LowComDom Performances Presents
DR. VERNE'S WHITE TRASH ETIQUETTE
Dear Dr. Verne:
Lately I been working at this customer service job while I look for something more manly. I know what you're thinking, Verne, but I got to get beer money someplace. Anyways, the job itself is bad enough, but here's my real beef: they got these uptight chicks who eavesdrop on your calls and then call you over to "discuss" them. Then you got to listen while they bust your balls for not being a big enough candy-ass with the customers. So here's my question, Verne: Do I still got time to get out or has this job already turned me into a mama's boy?

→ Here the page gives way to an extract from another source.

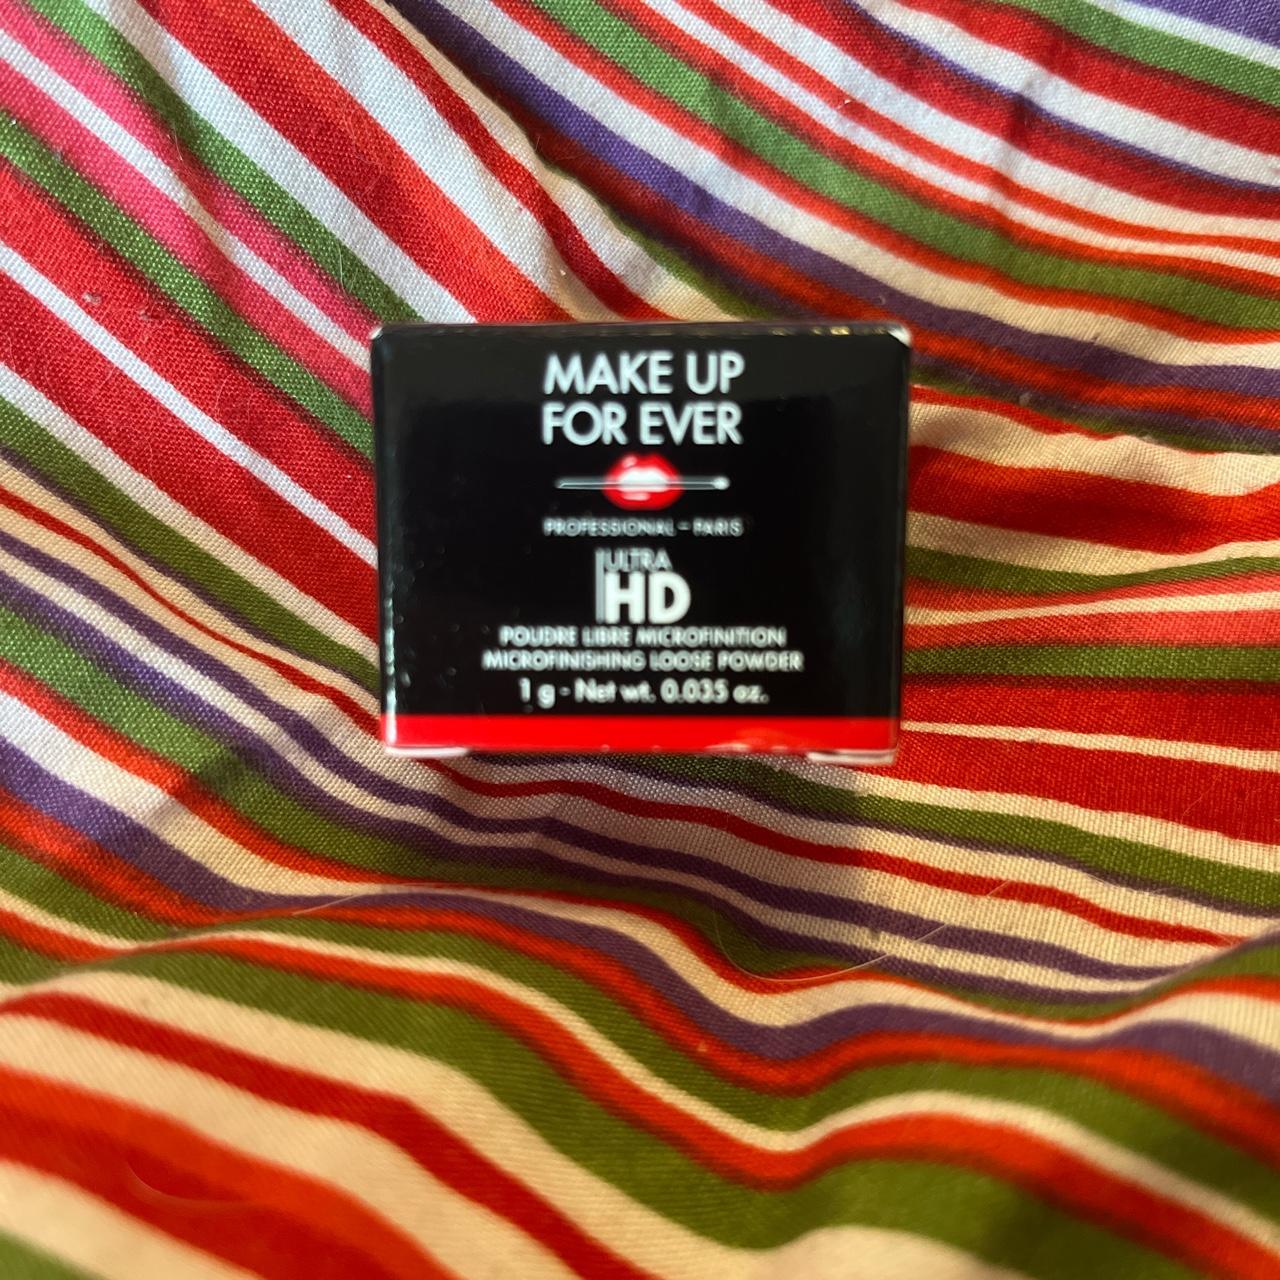 Product Image 1 - Make up forever ultra hd

-- Wussified in West Des Moines
=-=-=-=-=-=-=-=-=-=-=-=-=-=-=-=-=-=-=-=-=-=-=-=-= Dear Wussified:
Don't be so hard on yourself. If you ain't wearing pastel sweaters, you's still okay. You already recognize you're a pussy and that's the first step toward recovery. Sometimes a man's gotta humble hisself to bring home the brewskies. At least you ain't mooching off your in-laws. But you gotta be careful. Living in West Des Moines and working a sissy job can lead you down what you call your path of ruination. First you start shopping at the Gap. Then you trade your chainsaw in for a 200 hp blowdryer. Before you knows it, you go completely fruity and start wearing Dockers and them sunglasses with a string tied on 'em. I'll clue you in: Just say no. If you gotta work a pussy job, just start talking to customers about the lines for Sunday's games. If you keep saying manly stuff like, "I'm thinking about taking the points and New England" or, "I like Green Bay and the under on the count of San Fran looks a little dainty this year, if yous asking me," then you'll continue to harbor manly thoughts despite your pussy environment. If that don't work, quit you job and live under a bridge.